As GameStop surged in reaction to the stock split news, the company’s shares closed at $117.43. However, it is currently trading at $127.90 in extended trading, losing more than 4% in the last five days. The company has lost 20.86% since the year started amid Russia’s invasion of Ukraine, inflation, and fears of a global recession. Additionally, the company has declined 38.41% in 12 months and 25.03% in the last three months. GME has plunged 15.35% over the past month.

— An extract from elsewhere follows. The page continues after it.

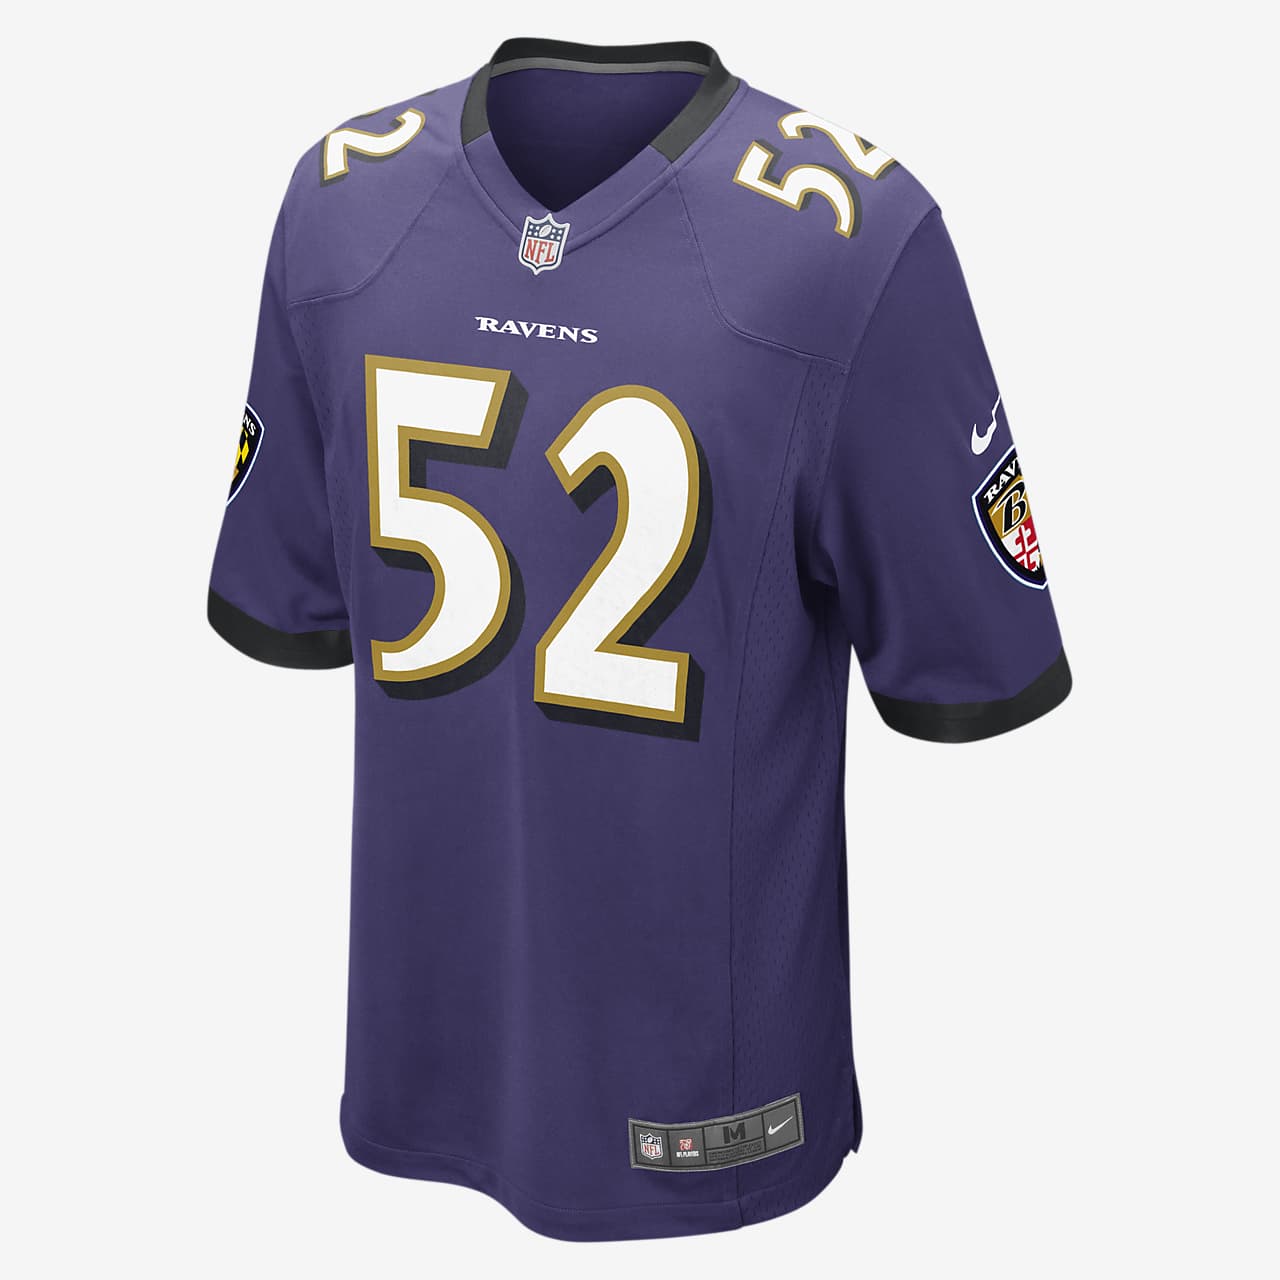 NFL Baltimore Ravens (Ray Lewis) Men's Football Home Game Jersey

Speaking on the GameStop four-for-one split, Wedbush Securities analyst Michael Pachter noted:

“GameStop management knows that they have a 100% retail shareholder base and so, they are catering to them. If (the stock split) is a distraction because the NFT market is dead, and that was the last thing that they did that tried to get people excited.”

GameStop pushed into the digital assets market in March, announcing crypto and NFT wallets for gamers and others. The self-custodial Ethereum wallet can be used to store, send, and receive cryptocurrencies and non-fungible tokens. The company had partnered with Immutable X on the NFT marketplace before unveiling the digital assets wallet.